### YOUR ASSIGNMENT
Print the records below once again, exactly as they were given.

### RECORDS TO PROCESS

===============

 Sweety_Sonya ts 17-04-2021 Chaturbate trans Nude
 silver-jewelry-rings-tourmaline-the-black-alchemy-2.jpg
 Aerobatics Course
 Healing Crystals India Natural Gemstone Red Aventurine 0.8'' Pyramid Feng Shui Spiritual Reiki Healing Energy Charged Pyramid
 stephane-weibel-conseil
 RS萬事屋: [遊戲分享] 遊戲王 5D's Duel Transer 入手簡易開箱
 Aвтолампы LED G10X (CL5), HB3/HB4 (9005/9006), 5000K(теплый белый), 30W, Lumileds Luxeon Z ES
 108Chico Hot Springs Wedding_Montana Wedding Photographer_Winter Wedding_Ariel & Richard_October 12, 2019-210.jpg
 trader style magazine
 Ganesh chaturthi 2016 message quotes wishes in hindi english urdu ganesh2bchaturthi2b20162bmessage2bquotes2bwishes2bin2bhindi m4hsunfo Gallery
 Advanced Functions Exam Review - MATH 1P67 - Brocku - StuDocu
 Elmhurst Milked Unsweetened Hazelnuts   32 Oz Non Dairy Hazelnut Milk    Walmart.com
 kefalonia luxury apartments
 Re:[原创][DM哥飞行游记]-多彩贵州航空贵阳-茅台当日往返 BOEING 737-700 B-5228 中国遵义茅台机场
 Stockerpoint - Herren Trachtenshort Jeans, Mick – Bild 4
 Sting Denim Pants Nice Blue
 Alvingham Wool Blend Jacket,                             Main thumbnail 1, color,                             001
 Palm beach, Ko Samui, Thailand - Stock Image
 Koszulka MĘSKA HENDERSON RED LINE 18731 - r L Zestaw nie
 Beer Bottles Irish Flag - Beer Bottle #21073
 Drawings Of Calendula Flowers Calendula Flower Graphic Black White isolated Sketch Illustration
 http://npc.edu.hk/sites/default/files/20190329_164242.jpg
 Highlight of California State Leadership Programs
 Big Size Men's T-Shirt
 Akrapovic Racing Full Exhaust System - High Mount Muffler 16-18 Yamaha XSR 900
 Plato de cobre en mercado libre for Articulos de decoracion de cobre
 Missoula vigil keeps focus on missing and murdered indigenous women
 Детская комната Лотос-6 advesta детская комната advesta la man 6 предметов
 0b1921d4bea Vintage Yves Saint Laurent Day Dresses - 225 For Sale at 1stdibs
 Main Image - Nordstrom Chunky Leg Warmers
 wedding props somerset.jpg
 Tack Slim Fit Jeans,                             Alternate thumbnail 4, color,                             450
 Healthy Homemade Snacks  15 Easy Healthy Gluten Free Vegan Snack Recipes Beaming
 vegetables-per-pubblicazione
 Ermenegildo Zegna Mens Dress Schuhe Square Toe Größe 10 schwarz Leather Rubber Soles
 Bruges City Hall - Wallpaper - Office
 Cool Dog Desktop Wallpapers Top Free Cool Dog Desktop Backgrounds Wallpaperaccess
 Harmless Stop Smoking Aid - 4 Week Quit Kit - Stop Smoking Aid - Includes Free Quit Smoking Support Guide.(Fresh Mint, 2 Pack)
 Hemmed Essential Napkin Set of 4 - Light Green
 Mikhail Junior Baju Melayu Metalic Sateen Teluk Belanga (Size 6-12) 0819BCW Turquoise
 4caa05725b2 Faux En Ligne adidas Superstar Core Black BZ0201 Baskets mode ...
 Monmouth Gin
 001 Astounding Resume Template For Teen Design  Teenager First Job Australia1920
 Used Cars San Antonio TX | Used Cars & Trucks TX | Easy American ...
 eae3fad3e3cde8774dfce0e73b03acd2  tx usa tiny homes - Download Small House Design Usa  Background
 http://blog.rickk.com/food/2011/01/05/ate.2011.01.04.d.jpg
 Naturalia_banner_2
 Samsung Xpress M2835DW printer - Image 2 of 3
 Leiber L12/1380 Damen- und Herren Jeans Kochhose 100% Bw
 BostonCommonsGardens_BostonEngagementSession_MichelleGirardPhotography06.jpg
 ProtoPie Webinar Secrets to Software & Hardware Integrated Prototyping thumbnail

===============

### RESPONSE BOX
 Sweety_Sonya ts 17-04-2021 Chaturbate trans Nude
 silver-jewelry-rings-tourmaline-the-black-alchemy-2.jpg
 Aerobatics Course
 Healing Crystals India Natural Gemstone Red Aventurine 0.8'' Pyramid Feng Shui Spiritual Reiki Healing Energy Charged Pyramid
 stephane-weibel-conseil
 RS萬事屋: [遊戲分享] 遊戲王 5D's Duel Transer 入手簡易開箱
 Aвтолампы LED G10X (CL5), HB3/HB4 (9005/9006), 5000K(теплый белый), 30W, Lumileds Luxeon Z ES
 108Chico Hot Springs Wedding_Montana Wedding Photographer_Winter Wedding_Ariel & Richard_October 12, 2019-210.jpg
 trader style magazine
 Ganesh chaturthi 2016 message quotes wishes in hindi english urdu ganesh2bchaturthi2b20162bmessage2bquotes2bwishes2bin2bhindi m4hsunfo Gallery
 Advanced Functions Exam Review - MATH 1P67 - Brocku - StuDocu
 Elmhurst Milked Unsweetened Hazelnuts   32 Oz Non Dairy Hazelnut Milk    Walmart.com
 kefalonia luxury apartments
 Re:[原创][DM哥飞行游记]-多彩贵州航空贵阳-茅台当日往返 BOEING 737-700 B-5228 中国遵义茅台机场
 Stockerpoint - Herren Trachtenshort Jeans, Mick – Bild 4
 Sting Denim Pants Nice Blue
 Alvingham Wool Blend Jacket,                             Main thumbnail 1, color,                             001
 Palm beach, Ko Samui, Thailand - Stock Image
 Koszulka MĘSKA HENDERSON RED LINE 18731 - r L Zestaw nie
 Beer Bottles Irish Flag - Beer Bottle #21073
 Drawings Of Calendula Flowers Calendula Flower Graphic Black White isolated Sketch Illustration
 http://npc.edu.hk/sites/default/files/20190329_164242.jpg
 Highlight of California State Leadership Programs
 Big Size Men's T-Shirt
 Akrapovic Racing Full Exhaust System - High Mount Muffler 16-18 Yamaha XSR 900
 Plato de cobre en mercado libre for Articulos de decoracion de cobre
 Missoula vigil keeps focus on missing and murdered indigenous women
 Детская комната Лотос-6 advesta детская комната advesta la man 6 предметов
 0b1921d4bea Vintage Yves Saint Laurent Day Dresses - 225 For Sale at 1stdibs
 Main Image - Nordstrom Chunky Leg Warmers
 wedding props somerset.jpg
 Tack Slim Fit Jeans,                             Alternate thumbnail 4, color,                             450
 Healthy Homemade Snacks  15 Easy Healthy Gluten Free Vegan Snack Recipes Beaming
 vegetables-per-pubblicazione
 Ermenegildo Zegna Mens Dress Schuhe Square Toe Größe 10 schwarz Leather Rubber Soles
 Bruges City Hall - Wallpaper - Office
 Cool Dog Desktop Wallpapers Top Free Cool Dog Desktop Backgrounds Wallpaperaccess
 Harmless Stop Smoking Aid - 4 Week Quit Kit - Stop Smoking Aid - Includes Free Quit Smoking Support Guide.(Fresh Mint, 2 Pack)
 Hemmed Essential Napkin Set of 4 - Light Green
 Mikhail Junior Baju Melayu Metalic Sateen Teluk Belanga (Size 6-12) 0819BCW Turquoise
 4caa05725b2 Faux En Ligne adidas Superstar Core Black BZ0201 Baskets mode ...
 Monmouth Gin
 001 Astounding Resume Template For Teen Design  Teenager First Job Australia1920
 Used Cars San Antonio TX | Used Cars & Trucks TX | Easy American ...
 eae3fad3e3cde8774dfce0e73b03acd2  tx usa tiny homes - Download Small House Design Usa  Background
 http://blog.rickk.com/food/2011/01/05/ate.2011.01.04.d.jpg
 Naturalia_banner_2
 Samsung Xpress M2835DW printer - Image 2 of 3
 Leiber L12/1380 Damen- und Herren Jeans Kochhose 100% Bw
 BostonCommonsGardens_BostonEngagementSession_MichelleGirardPhotography06.jpg
 ProtoPie Webinar Secrets to Software & Hardware Integrated Prototyping thumbnail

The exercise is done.